5. Hotel Melati 3 berjumlah 26, sampel diambil sebanyak 3 hotel. 6. Hotel Melati 2 berjumlah 46, sampel diambil sebanyak 5 hotel. 7. Hotel Melati 1 berjumlah 43, sampel diambil sebanyak 5 hotel. Jumlah sampel yang diambil sebanyak 20 hotel. 5. Pengumpulan Data Pengumpulan data dilakukan langsung pada sumber data, yaitu : a) Data sekunder berupa data kualitatif seperti bagaimana upaya Dipenda mengoptimalkan penerimaan Pajak Hotel Di Kota Surakarta, penentuan target pajak hotel. Data kuantitatif seperti laporan realisasi dan target pajak tahun 2008 yang bersumber dari Dipenda dan tingkat hunian hotel di kota Surakarta yang diperoleh dari hotel yang dijadikan sampel. b) Mengadakan wawancara langsung dengan karyawan Dipenda dan dengan pihak hotel yang terkait. c) Studi Pustaka dan dokumentasi, mengambil referensi dari catatan, instansi- instansi yang terkait maupun referensi penelitian yang sudah ada hubungannya dengan penelitian yang dilakukan.

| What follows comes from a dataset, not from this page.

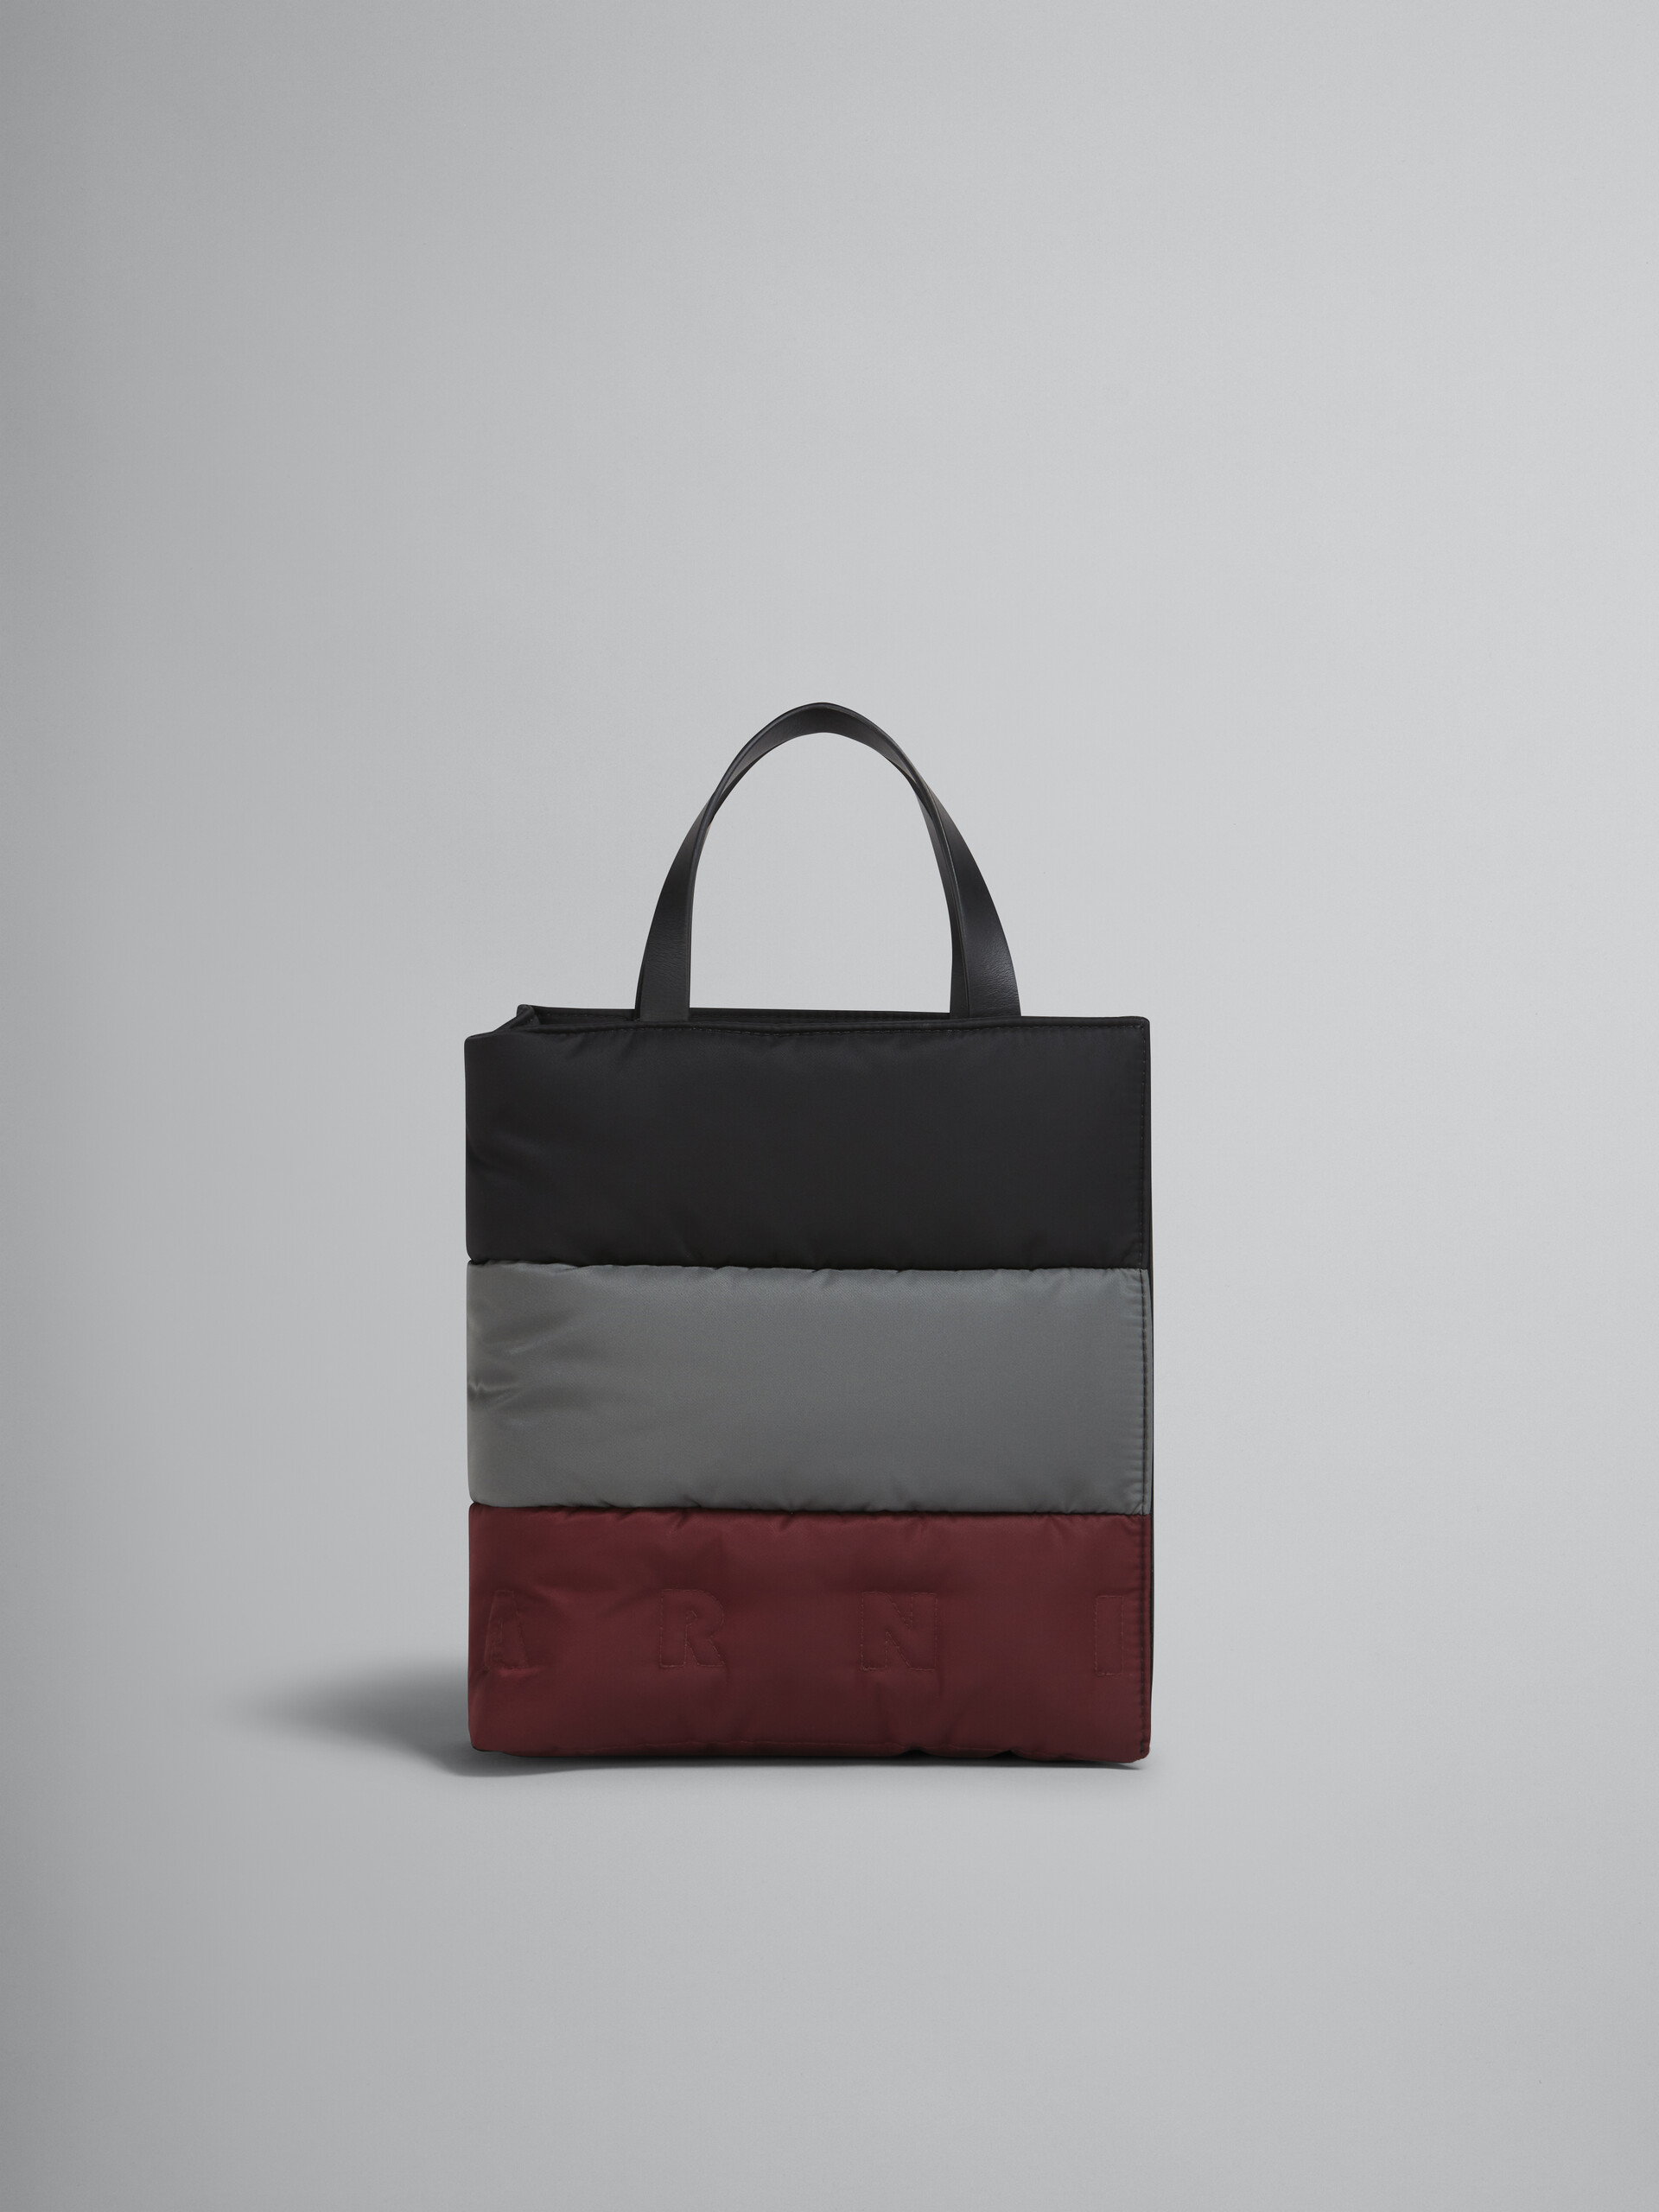 MUSEO SOFT small bag in tri-coloured nylon - Shopping Bags - Image 1

G. PENYAJIAN DAN ANALISIS DATA Data yang diperoleh akan diorganisasi sebagai berikut : 1. Landasan Teori, berupa dasar hukum, definisi pajak secara umum, fungsi pajak, sistem pemungutan pajak, pengelompokkan pajak, arti Pajak Daerah dan Pajak Hotel, obyek, subyek dan wajib pajak hotel. 2. Hasil wawancara mengenai bagaimana penetapan potensi dan target pajak hotel di Surakarta dan apa yang menjadi dasar penetapan target pajak hotel dapat dianalisis. 3. Hasil wawancara terhadap karyawan hotel yang dijadikan sampel dan pengamatan langsung mengenai tingkat hunian hotel dan tarif rata- rata hotel dapat dijadikan dasar untuk menghitung potensi pajak hotel yang sebenarnya. 4. Analisis pembahasan Setelah semua data yang diperlukan terkumpul, tahap selanjutnya adalah menganalisa data, analisis data yang digunakan pada penelitian ini adalah analisis kuantitatif dan kualitatif berupa analisis potensi pajak hotel dan target pajak hotel pada obyek penelitian yang telah ditentukan Dipenda dan analisis untuk menghitung potensi pajak hotel yang sebenarnya dengan menggunakan tingkat hunian hotel di kota Surakarta. Analisis data dimulai dengan: 1) Penghitungan Potensi penerimaan Pajak Hotel dilakukan dengan cara mengalikan jumlah tingkat hunian hotel dalam satu hari (sesuai hasil

survey penulis) dengan tarif rata-rata, kemudian dikalikan dengan total jumlah hari dalam setahun dan tarif hotel sebesar 10%. 2) Penetapan target oleh Dipenda berdasar berapa persen dari potensi pajak sebenarnya. 3) Persentase ini dipakai sebagai dasar menghitung target yang semestinya menurut penulis. 4) Membandingkan hasil perhitungan target oleh penulis dengan target yang ditetapkan oleh Dipenda.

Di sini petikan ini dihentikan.